Aunt Olwyn looked at her niece as if she were four kinds of stupid. “Five courses of gourmet food, a candle-lit marquee, an eight-piece orchestra and a trapeze act to entertain the diners and fireworks afterwards is SPECTACULAR! Did I mention, they want a metre wide cheesecake?”

Aunt Olwyn waited for Strobe’s reaction.

Strobe gave it. Open mouth, wide eyes, a sharp intake of breath, then she jumped in fast. “But a tennis tournament is so old-fashioned.” Aunt Olwyn hated anything old-fashioned. “Now if it was a blading tournament. That would be different. Blading is ‘in’.” Strobe knew Aunt Olwyn adored being ‘in’.

“Everything to do with blades is a status symbol,” she continued undaunted by her aunt’s suspicious look. “They’re even thinking of including them in the Olympic Games.”

Aunt Olwyn’s stubborn expression turned thoughtful. “Go on.”

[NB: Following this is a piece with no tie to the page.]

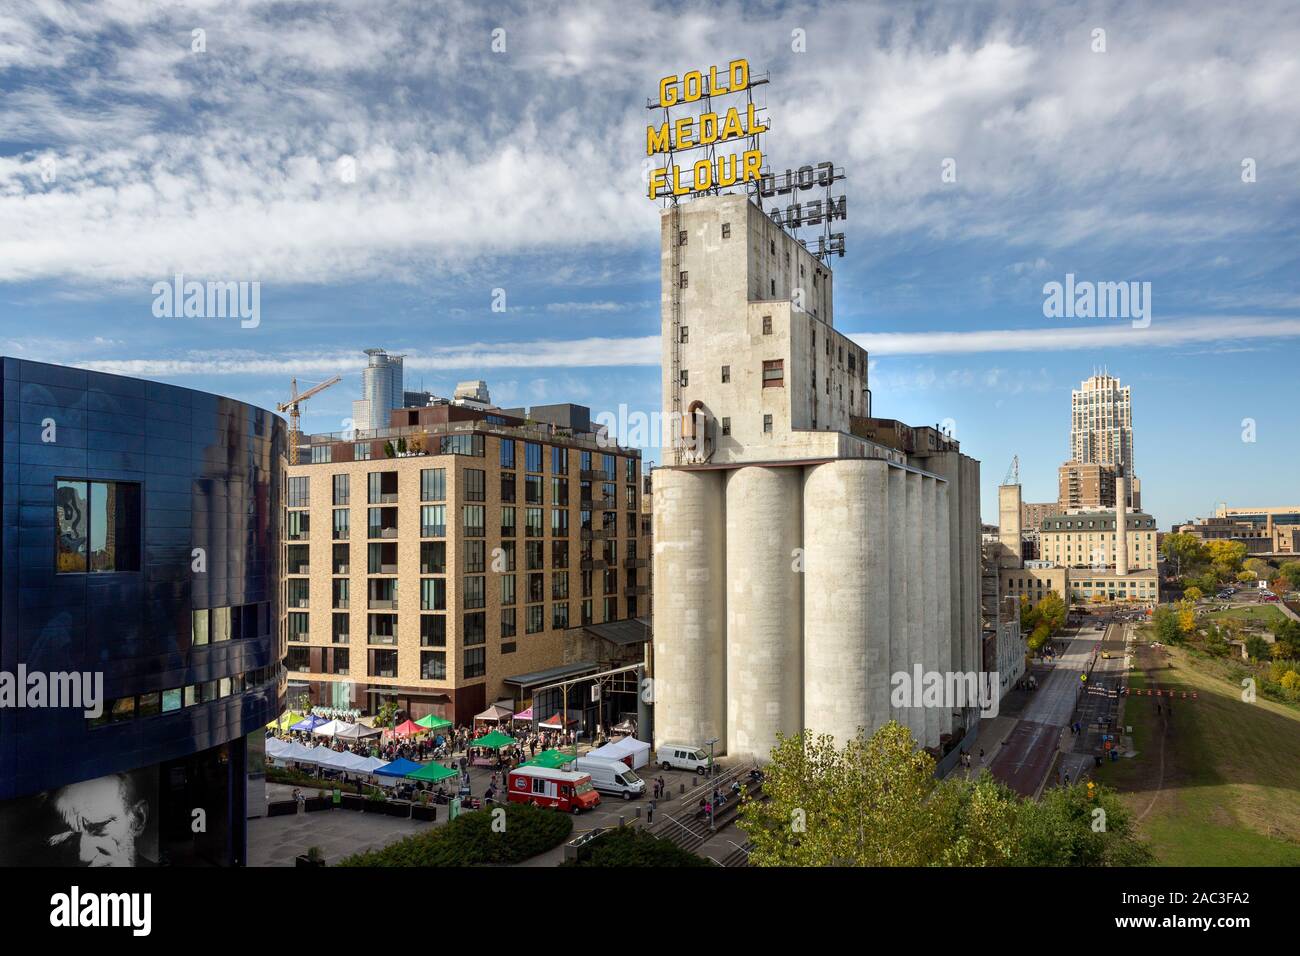 Gold Medal Flour sign and grain elevators which are part of historic Mill City Museum in downtown Minneapolis, Minnesota Stock Photo

Strobe did. “So, if you employed a blade rental shop to provide forty pairs of boots, helmets and pads and a half pipe, then employed some professionals to show the children how to blade in the half pipe, it would be spectacular.”

“Go on.”

Strobe’s ideas petered out for a second then, “No one gets into the newspaper for organising a boring tennis tournament but a super-rich, top-society blading tournament with a blade-shaped cake for the children would be front page news.”

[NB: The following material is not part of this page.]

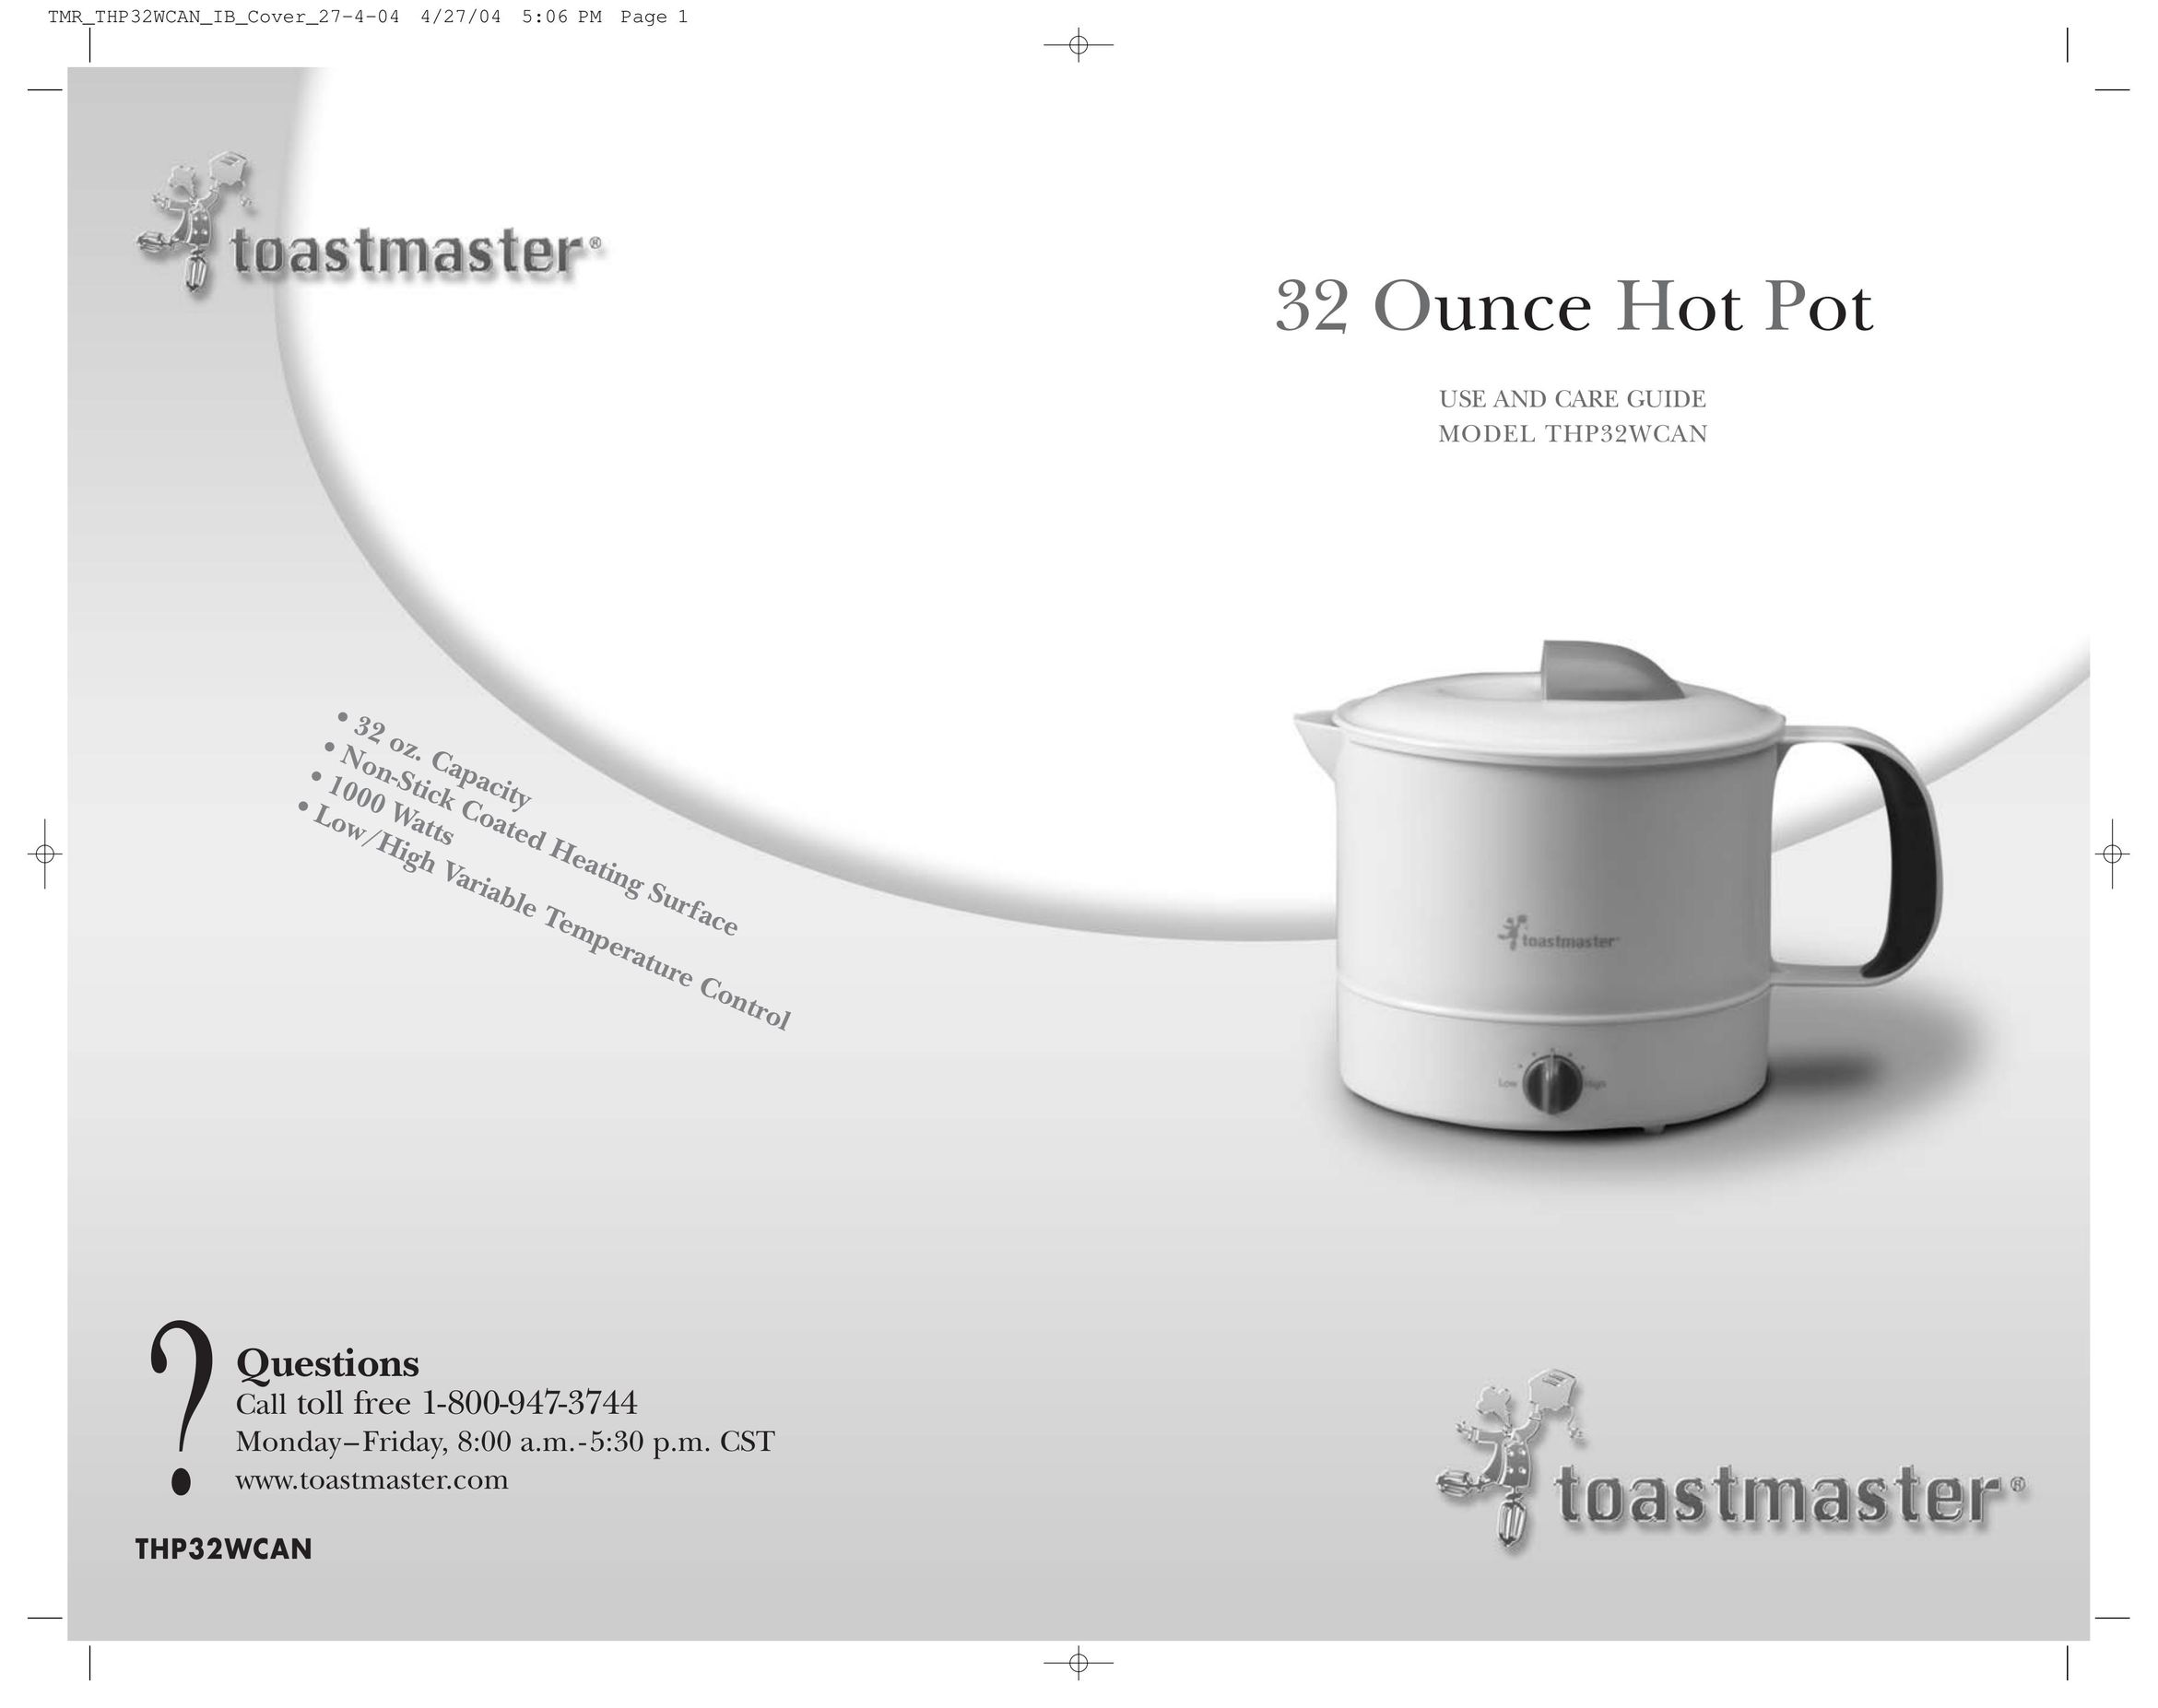 Toastmaster THP32WCAN Hot Beverage Maker User Manual

 “A blade-shaped cake,” Aunt Olwyn’s mind was already planning it. “So how could I convince you to do the preliminary organising of such a tournament, Strobe dear?”

“Buy me a pair of oxygen Argon boots with Coxmo wheels and pay someone to teach me how to do a custard chucker by Friday,” answered Strobe all in one breath.

“Done.” said Aunt Olwyn. Then up came a red-nailed finger pointing straight at the front of Strobe’s school uniform. “But if it fails I will never talk to you again. Double-plus you will inherit nothing when I die. Understand?”

“Perfectly!” Strobe threw her arms around her aunt’s slim waist and gave her an unwelcome hug. “You’re a fantastic businesswoman Aunty Olwyn.”

“You’re not so bad yourself,” snapped Aunt Olwyn. “Now, stop crushing my dress.”